Assim, a título exemplificativo, na primeira hipótese, poderiam ser assegurados não só direitos a entidades de defesa de categorias excluídas dos debates para formulação de políticas públicas, como também determinar a sua inclusão em grupos de trabalho ligados aos ministérios que realizam tais estudos.

Na segunda hipótese [1.2], se considerado o acesso à justiça como uma parcela do mínimo essencial e a assistência por técnico (advogado) como meio fundamental para tal direito [Tal como defendido por BARCELLOS em A eficácia jurídica dos princípios constitucionais: o Princípio da Dignidade Humana, p. 258], seria legítima a determinação judicial, em Ação Civil Pública, para que o Estado adotasse alguma medida que propicie atendimento jurídico aos que não tiverem renda para pagar por tal serviço.

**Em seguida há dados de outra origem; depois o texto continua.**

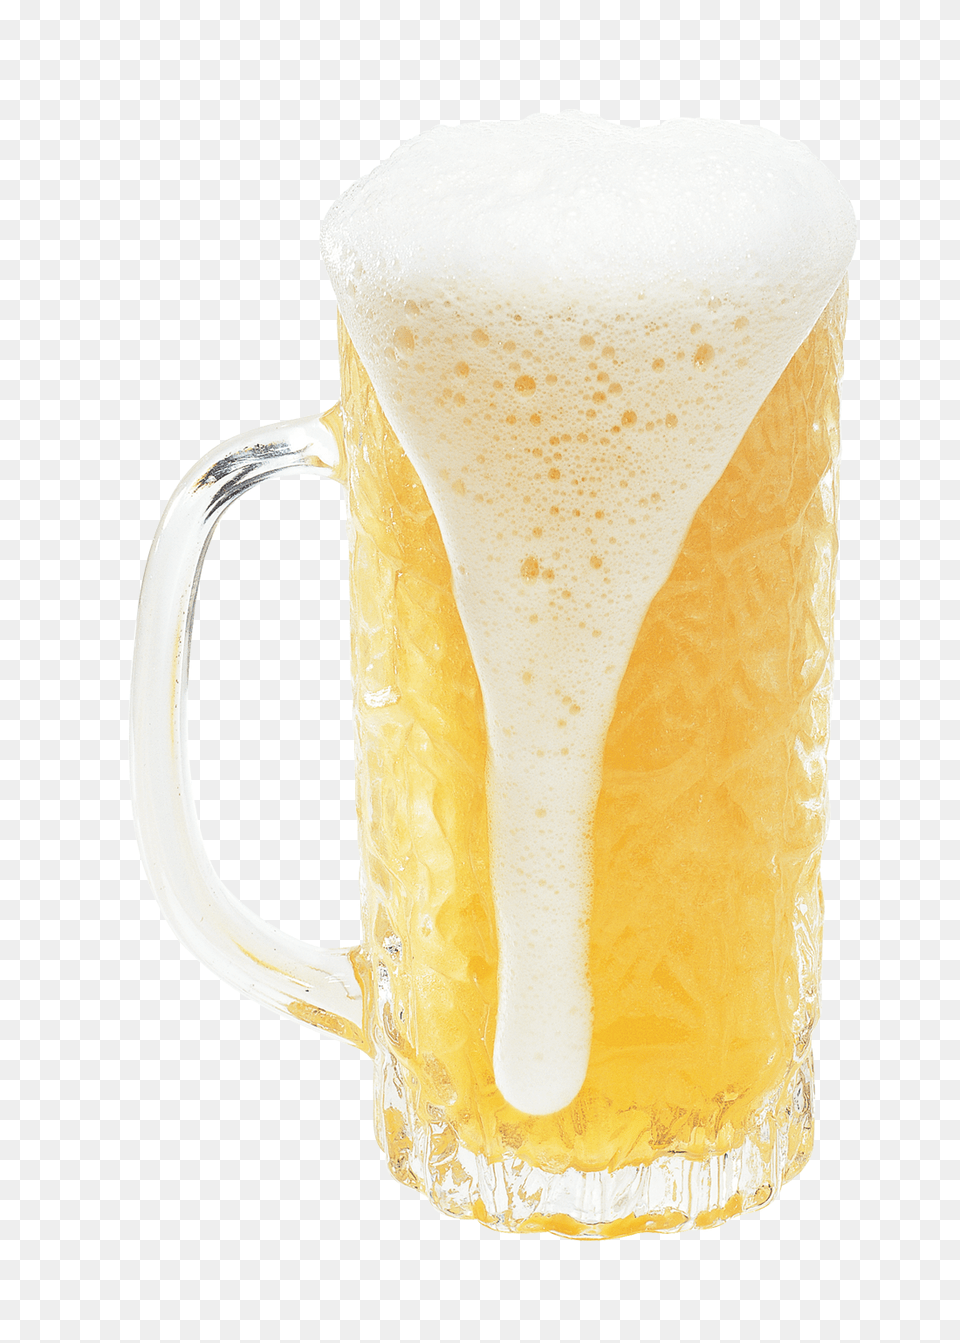 Pngpix Com Mug Of Beer Image, Alcohol, Beverage, Cup, Glass Free Png

Os meios para isso poderiam ser graduados – como ordem para ressarcimento de despesas processuais assumidas por hipossuficiente – ou mesmo especificados – criação de um planejamento no tempo para progressiva implantação de defensorias públicas; o exame dessa graduação seguirá, necessariamente, os princípios da razoabilidade e proporcionalidade.

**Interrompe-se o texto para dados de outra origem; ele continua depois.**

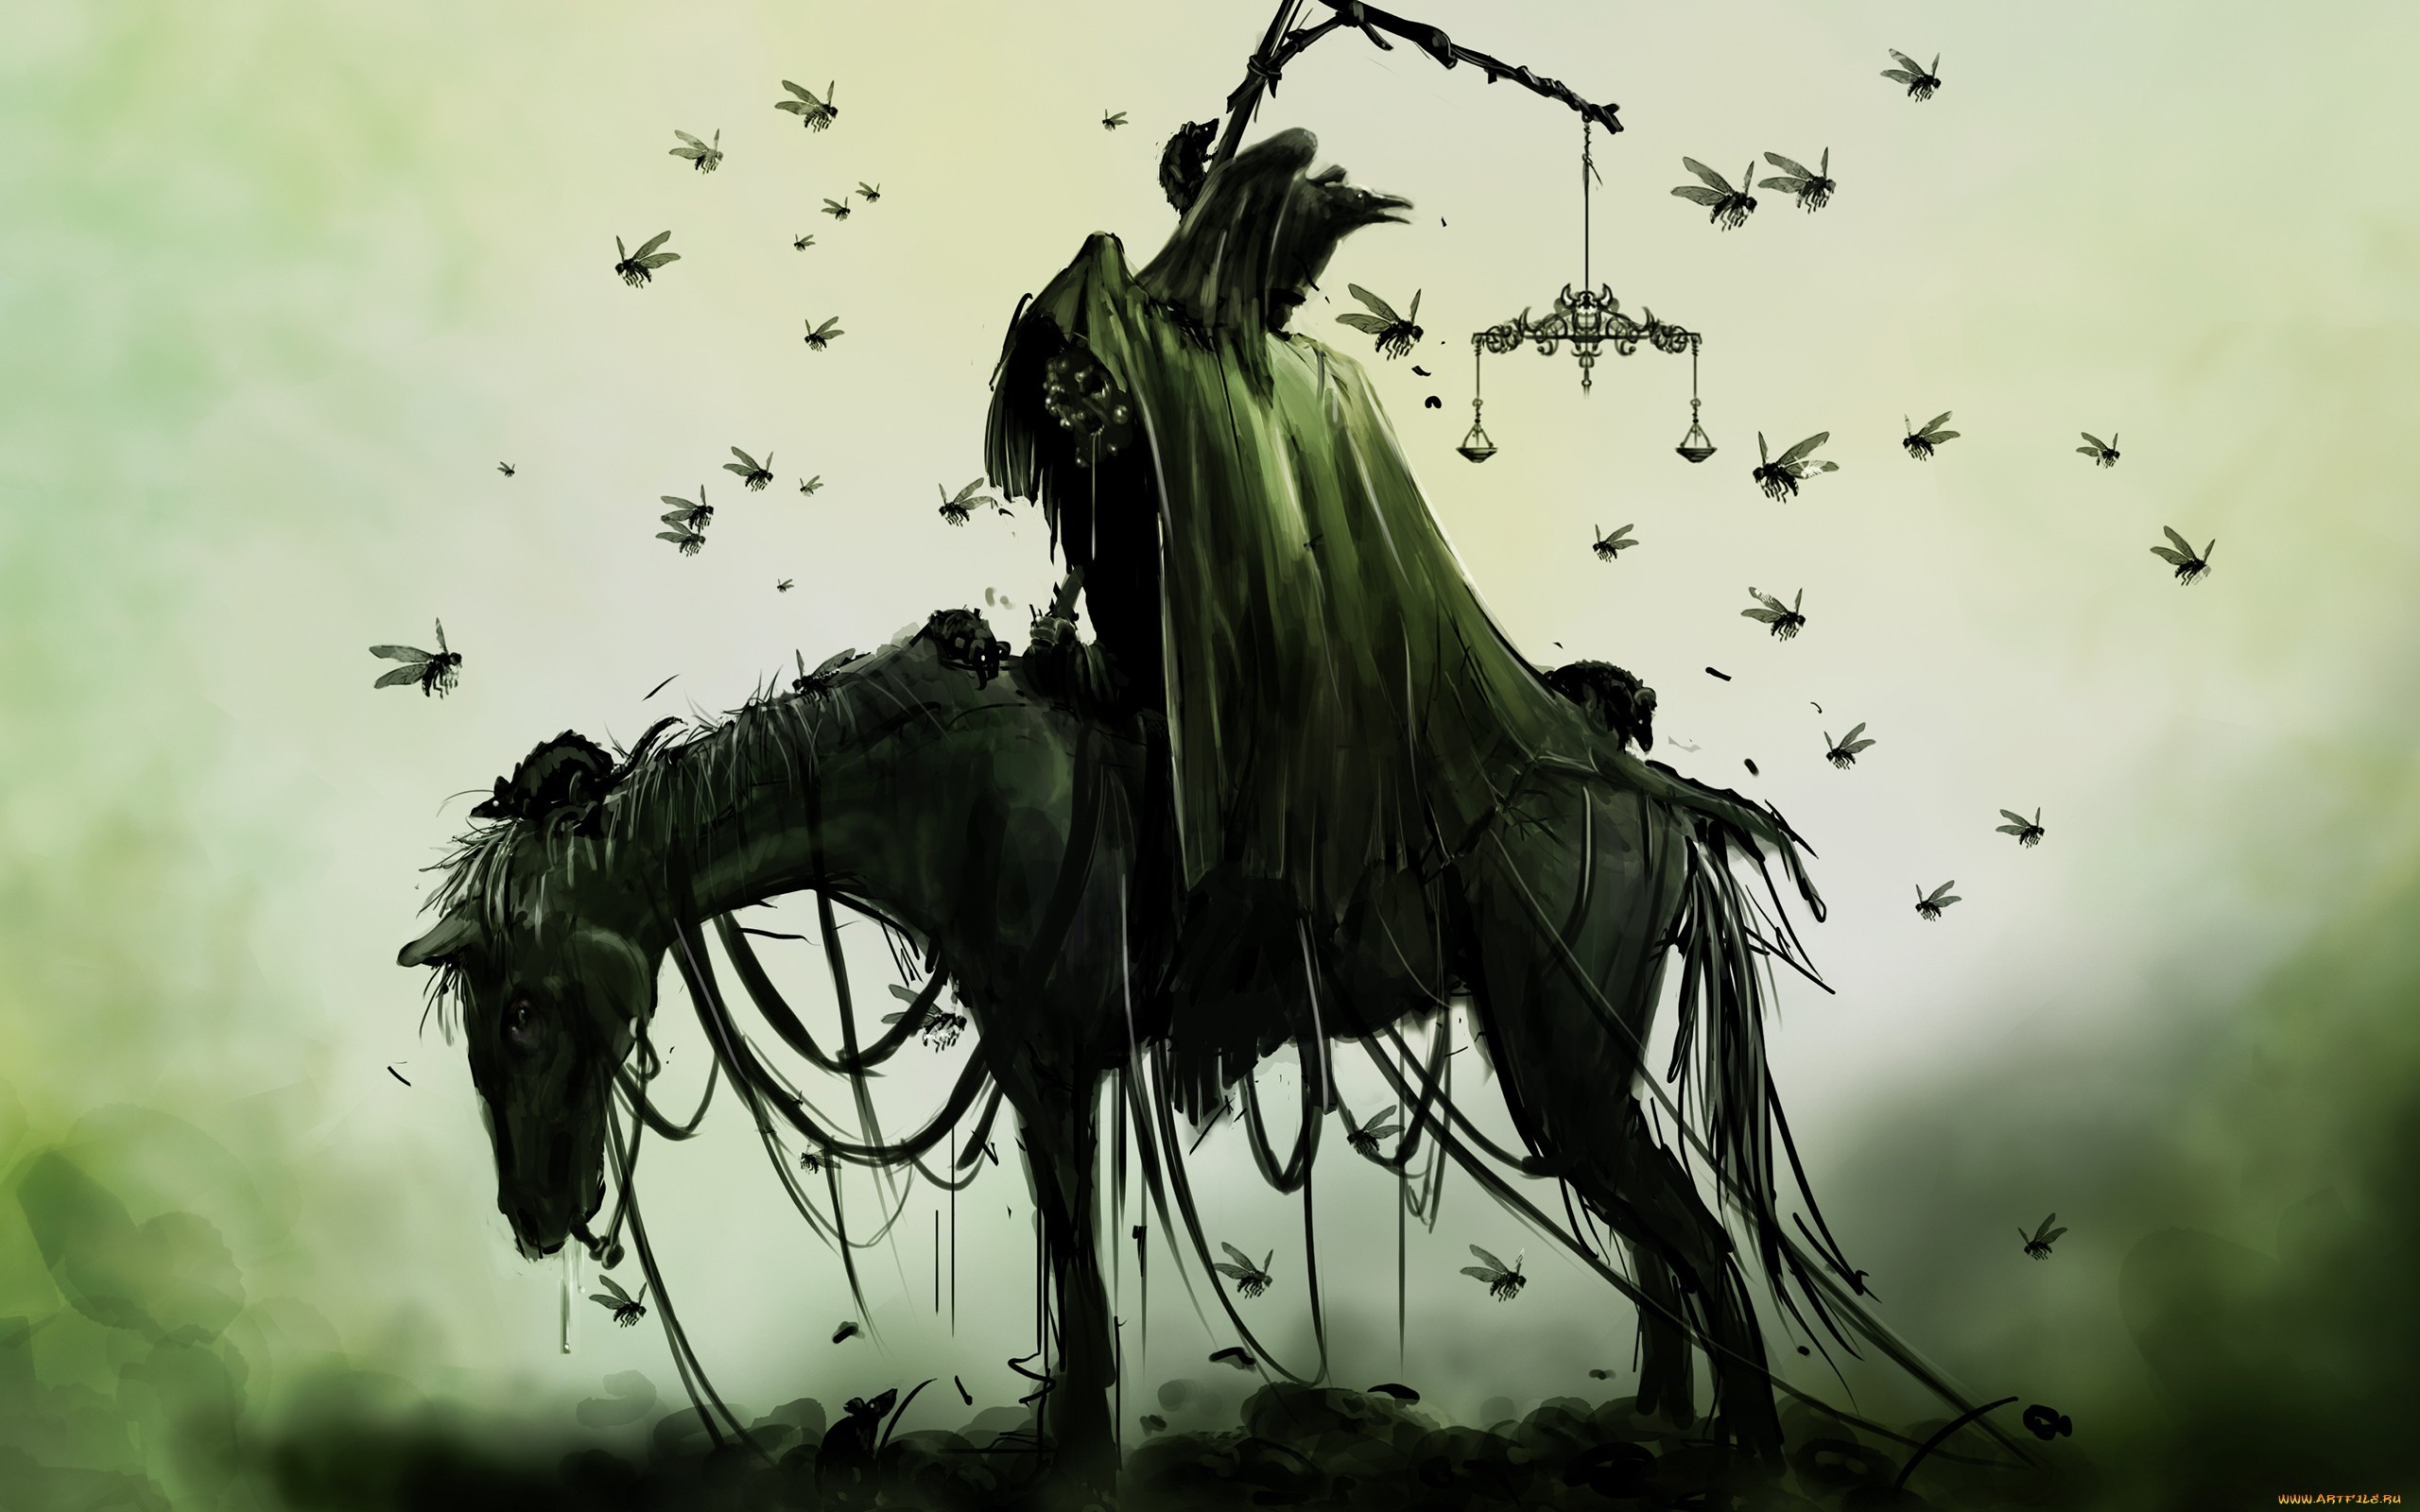 grim reaper on horse wallpaper

Na hipótese [3.1], por exemplo, se implementada política pública de habitação (direito não decorrente imediatamente do texto constitucional) configurada por financiamento de construções populares a pessoas de baixa renda, calculada per “capita”, seria possível o controle judicial, mediante ações individuais ou coletivas, para calibrar os parâmetros legais atinentes ao cálculo da faixa de renda, a fim de afastar eventuais restrições desproporcionais.

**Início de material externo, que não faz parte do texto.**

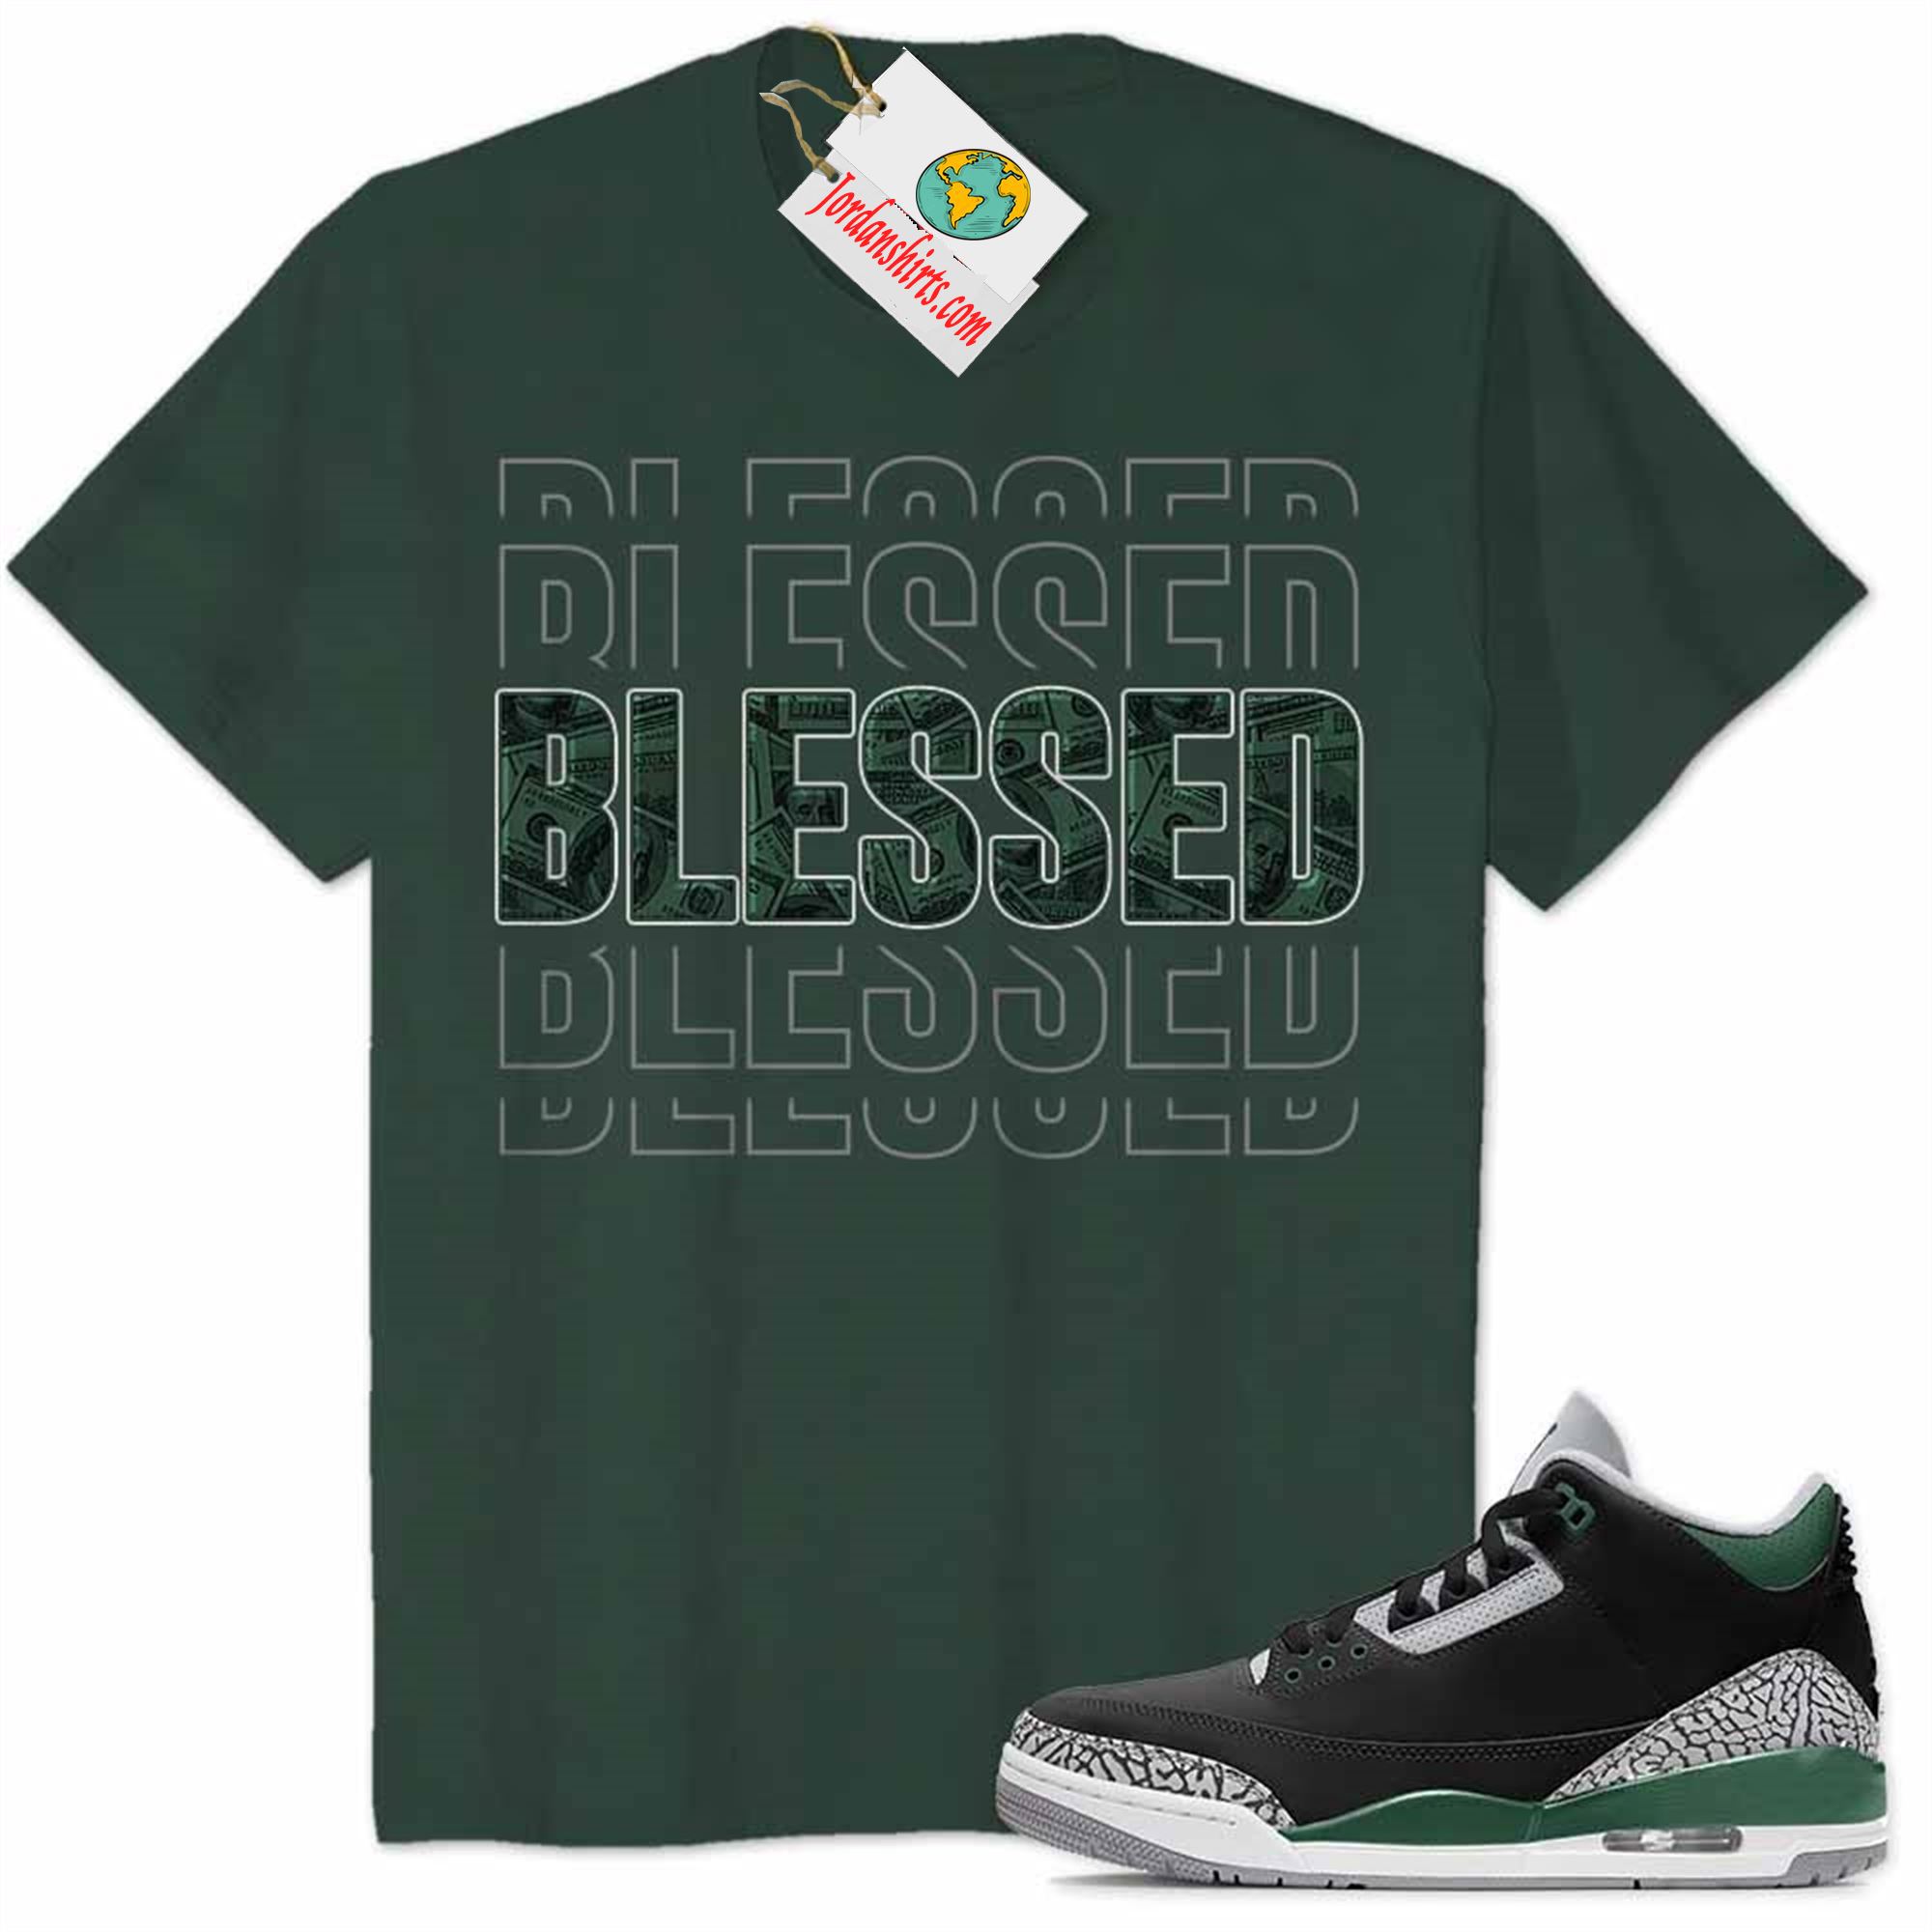 Jordan 3 Shirt, Blessed Dollar Money Forest Air Jordan 3 Pine Green 3s Size Up To 5xl

A partir do texto apresentado, é possível traçar algumas premissas que, embora não conclusivas no sentido de uma verdade inalcançável, permitem supor que, ao determinar certos fins que restringem escolhas na formulação e execução de Políticas Públicas, a eficácia dirigente da Constituição, especialmente no que toca aos Direitos Fundamentais, tem papel relevante no embate entre Direito e Política, mas não ilimitado. As limitações ao controle jurisdicional, inerentes a um sistema de repartição de poderes, não impedem a atuação do Poder Judiciário na criação ou escolha de Políticas Públicas, mas apenas a restringe a certas condicionantes, tais como a formulação apenas para atender prestações que garantam um mínimo essencial e a alterações que, atendendo controles finalísticos, se sujeitam aos princípios da razoabilidade e da proporcionalidade. Guarda-se, desse modo, uma certa deferência às escolhas realizadas pelo Executivo e pelo Legislativo (cujo procedimento de formulação é controlável), mas admite-se que o fruto dessa opção possa, em certos casos, ser objeto de apreciação pelo Judiciário, quando provocado. Como resultado disso, entende-se passível de atuação judicial para [1] controle procedimento utilizado pelo Estado (Executivo ou Legislativo) na formulação da política pública (implicando direitos de informação e participação); [2] criação de políticas públicas  que que consubstanciem medidas diretamente decorrentes do texto constitucional  ou necessárias para resguardar direitos configuradores de um mínimo essencial; e [3] controle substancial das políticas públicas já implantadas para inclusão de novos beneficiados ou alteração dos meios utilizados para concretizá-la.